Mateusz Morawiecki ostro o Łukaszence
„Cała Rada Europejska potępiła sytuację na Białorusi i wszyscy uważamy, że wybory na Białorusi powinny zostać powtórzone” – powiedział Mateusz Morawiecki podczas konferencji prasowej. „Bardzo mocno popieramy sankcje wobec osób, które brały bezpośredni udział w pacyfikacji manifestacji oraz obywateli, którzy wyrażali swój sprzeciw. Nie chcemy natomiast, żeby Białoruś jako społeczeństwo ucierpiało w wyniku tych działań sankcyjnych” – dodał.

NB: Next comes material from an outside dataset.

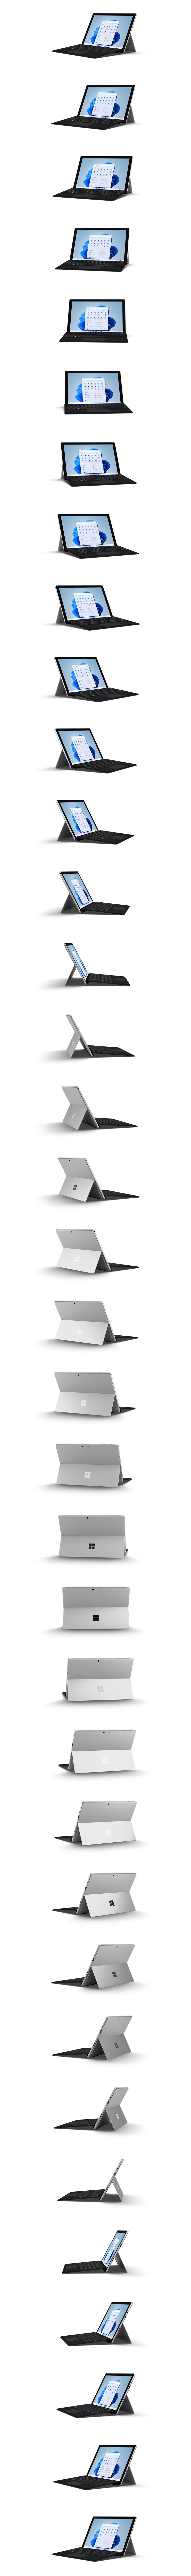 جهاز Surface Pro 7+ معروض بدوران 360 درجة.
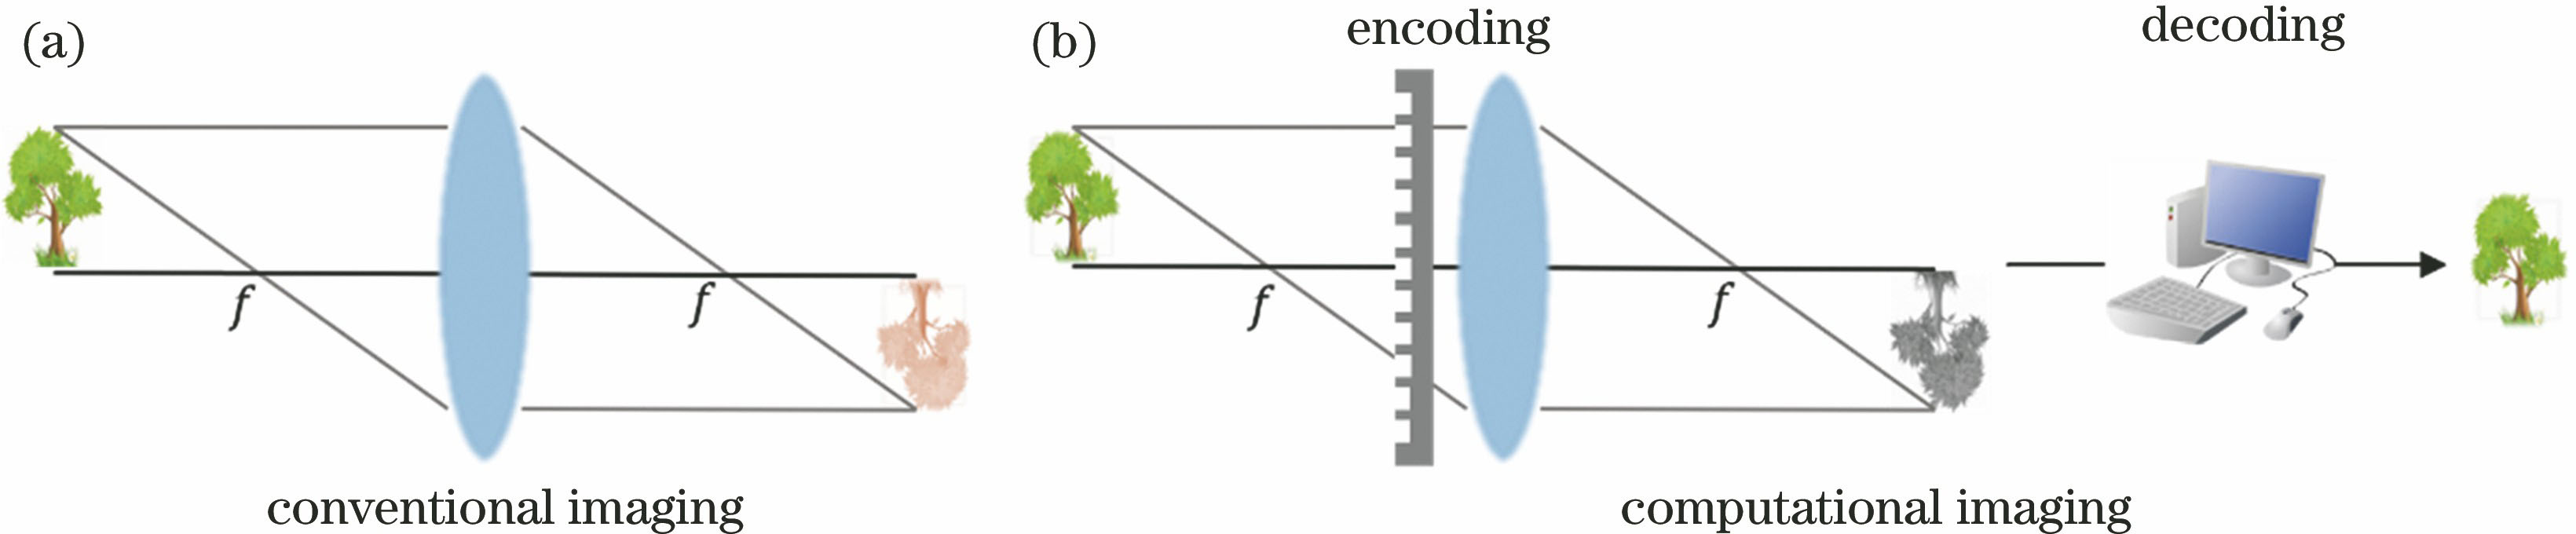 Schematic diagram. (a) Conventional imaging model; (b) computational imaging model

Mateusz Morawiecki odniósł się też bezpośrednio do osoby prezydenta Białorusi. „Chcemy dać do zrozumienia reżimowi Łukaszenki, że ten czas, kiedy można było nie słuchać głosu społecznego, musi się skończyć jak najszybciej. Trzeba zasiąść do rozmów i dialogu, żeby doprowadzić jak najszybciej do demokratyzacji sytuacji na Białorusi” – powiedział.
To jednak nie koniec. Morawiecki przyznał bowiem, że na Białorusi nie może dojść do żadnej zewnętrznej interwencji, a o proces demokratyzacji kraju powinien znaleźć się w rękach tamtejszych obywateli. „Nie można doprowadzać do żadnych zewnętrznych interwencji. Chcemy, żeby proces demokratyzacji Białorusi był w rękach białoruskiego narodu. Każdy naród chce sam decydować o swoim losie” – powiedział Mateusz Morawiecki.
Wygląda więc na to, że stanowisko państw Unii Europejskiej ws. wyborów na Białorusi jest i będzie stanowcze. Na ile przełoży się to jednak na realne zmiany za naszą wschodnią granicą?